Я приготовил все для сокрушительного удара «Молотом», когда что‑то внутри застопорилось. Холодный укол. Что‑то в самой природе этой конструкции работало как предохранитель.
Уничтожить ее было бы… кощунством — не с моральной точки зрения, а с тактической. Как разбить тонкий механизм часов, не поняв, как он работает и кто его завел. Ярость, встретив это внутреннее сопротивление, схлынула, уступив место ледяному анализу.
Две закладки. Строганов и… скорее всего, Багрецовы.
Один — против обряда. Другая — за.
А что выгодно мне?
Мысленно я отступил от образа Лады, словно от токсичного экспоната, и взглянул на всю картину целиком. Если вычеркнуть из уравнения этот навязанный магнит, свадьба теряла львиную долю своей привлекательности.
Что оставалось? Доступ к архивам Багрецовых — ценная, но не гарантированная награда. Защита от ревизии крови — но я уже создал свою собственную временную защиту с помощью пси-кристалла. Да и сам контроль крови мог оказаться мифом, пугалкой для давления.
Без этой свадьбы у меня уже был графский титул и доступ к родовым архивам Нестеровых. Признание. И пусть слабая, но своя защита от сканирования. Логика выстраивалась в четкую, безрадостную цепочку: свадьба несет огромные риски — от обряда слияния крови до тотального контроля нового рода — при сомнительных бонусах.
А то, что я ее хотел… желал Лады… стремился к их дому…
Это могло быть действием закладки. Всего лишь действием закладки.
Мысль была горькой, как полынь, но и освобождающей. Это были не мои чувства.

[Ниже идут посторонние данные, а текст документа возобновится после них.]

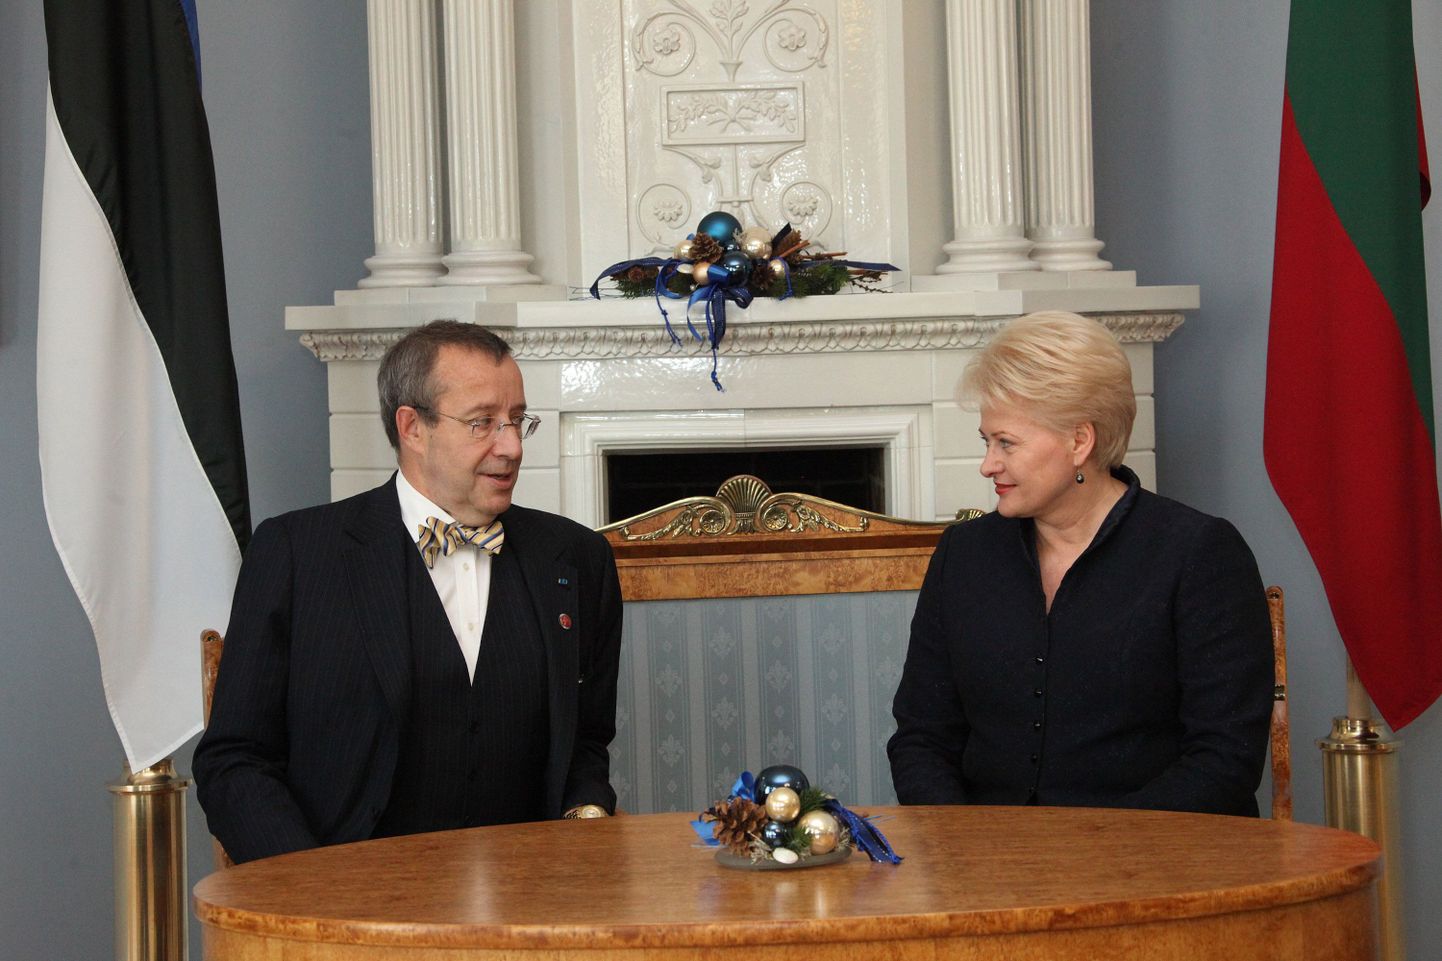 President Toomas Hendrik Ilves kohtus täna Vilniuses Leedu riigipea Dalia
Grybauskaitėga.

Это была программа.
Я сделал глубокий вдох, выдыхая остатки иллюзии вместе с воздухом.
Решено.
Я не стану уничтожать образ — пока что. Он улика. И потенциальное оружие. Но я отключаю его. Полностью. Изолирую в ментальной тюрьме, лишая всякой связи с моими эмоциями и процессами принятия решений.
А что до свадьбы… Теперь это будет не союз по влечению, а чистая сделка. И условия этой сделки только что изменились в мою пользу. Багрецовы, сами того не зная, только что лишились своего главного козыря — контроля над моим желанием.
С закладкой Строганова я поступил иначе. Ее не нужно было уничтожать или изолировать — ее нужно было изучить и использовать.
Пока основное внимание было приковано к шокирующему открытию с образом Лады, часть моего сознания, работавшая в многозадачном режиме, уже завершила первоначальный анализ конструкции ментального вложения.
Она была грубее, функциональнее, но в своей грубости — изящной. Чистый, незамутненный запрет, усиленный страхом. Примитивный, но действенный психо‑якорь. И что самое главное — она была активна и постоянно транслировала свой сигнал, который, без сомнения, фиксировался где‑то на другом конце — у самого Строганова или у Решетова.
Вот это и было ключом.
Я не стал ее удалять или глушить. Вместо этого, с ювелирной точностью, я создал вокруг ее ядра тончайший, не обнаруживаемый ею самой фильтр‑перехватчик. Теперь, когда закладка пыталась транслировать импульс «страх‑запрет», мой фильтр снимал этот чистый сигнал и пропускал дальше слегка модифицированную версию.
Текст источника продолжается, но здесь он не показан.